## Exact numeric integration

This post describes a simple way to integrate a function over an interval and get an exact answer. The question came out of another one, which is how to optimally render a continuous-space image onto a discrete array of pixels.

For anti-aliasing, I’ll make two simplying assumptions (to be revisited):

- Each pixel is a square area. (With apologies to Alvy Ray Smith.)
- Since I can choose only one color per pixel, I want exactly the
*average*of the continuous image over pixel’s subregion of 2D space.

The average of a function over a region (here a continuous image over a 2D interval) is equal to the integral of the function across the region divided by the size (area for 2D) of the region. Since our regions are simple squares, the average and the integral can each be defined easily in terms of the other (dividing or multiplying by the size).

To simplify the problem further, I’ll consider one-dimensional integration, i.e., integrating a function of **R** over a 1D interval.
My solution below involves the least upper bound operator I’ve written about (and its specialization `unamb`

).

### A first simple algorithm

Integration takes a real-valued function and an interval (low & high) and gives a real.

integral :: (R->R) -> R -> R -> R

Integration has a property of interval additivity, i.e., the integral of a function from *a* to *c* is the sum of the integral from *a* to *b* and the integral from *b* to *c*.

∀ a b c. integral f a c == integral f a b + integral f b c

which immediately leads to a simple recursive algorithm:

integral f low high = integral f low mid + integral f mid high where mid = (low + high) / 2

Extending to 2D is simple: we could divide a rectangular region into four quarter subregions, or into two subregions by splitting the longer dimension.
The quartering variation is very like mipmapping, as used to anti-alias textures.
Mipmapping takes a pixel array and builds a pyramid of successively lower resolution versions.
Each level except the first is constructed out of the previous (next higher-resolution) level by averaging blocks of four pixels into one.
The simple `integral`

algorithm above (extended to 2D) is like mipmapping when we start with an *infinite resolution* (i.e., continuous) texture.

### Umm …

Maybe you’re thinking what I’m thinking: Hey! We don’t have a base case, so we won’t even get off the ground.

Given that our domain is continuous, I don’t know what to use for a base case. So let’s consider what the purpose of a base case is, and see whether that purpose can be accomplished some other way.

### What’s so important about base cases?

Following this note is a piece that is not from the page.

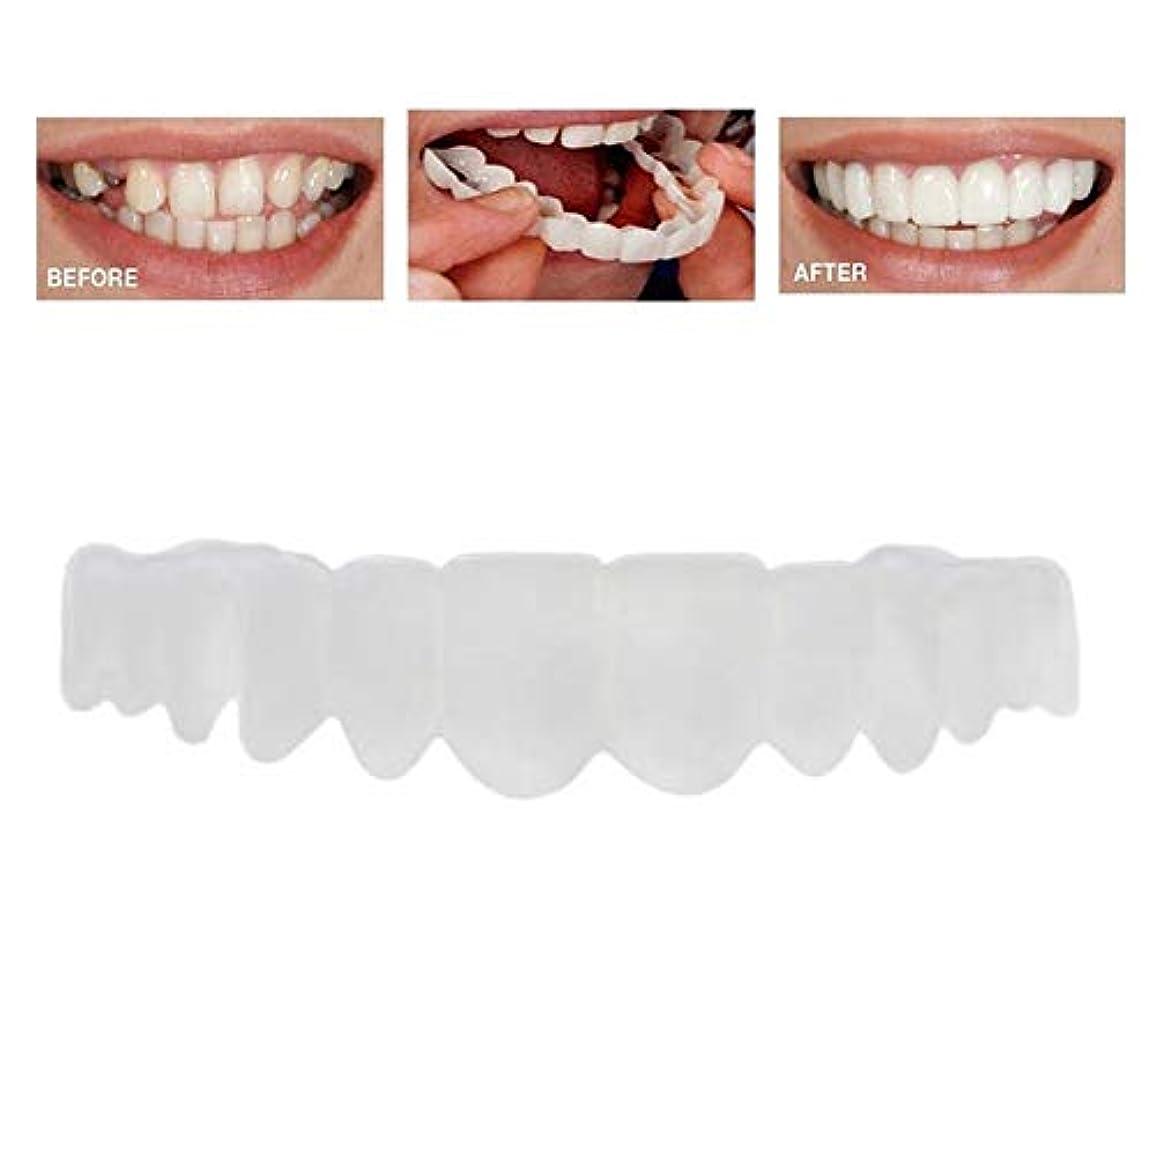 悲鳴レオナルドダ四分円15ピースの歯の化粧品の快適さフィット歯の義歯歯の上のベニヤの歯ワンサイズフィット最も快適な義歯

Does every recursion need a base case in order to avoid being completely undefined?

Here’s a counter-example: mapping a function over an infinite stream, taken from the source code of the Stream package.

data Stream a = Cons a (Stream a) instance Functor Stream where fmap f ~(Cons x xs) = Cons (f x) (fmap f xs)

The key thing here is that `Cons`

is *non-strict* in its second argument, which holds the recursive call.
(Definition: a function `f`

is “strict” if `f ⊥ == ⊥`

.)

Non-strictness of `if-then-else`

is exactly what allows more mundane recursions to produce defined (non-⊥) results as well, e.g.,

fac n = if n <= 0 then 1 else fac (n-1)

In this `fac`

example, `if-then-else`

must be (and *is*) non-strict in its third argument (the recursive call).

So “base case” is not the heart of the matter; non-strictness is.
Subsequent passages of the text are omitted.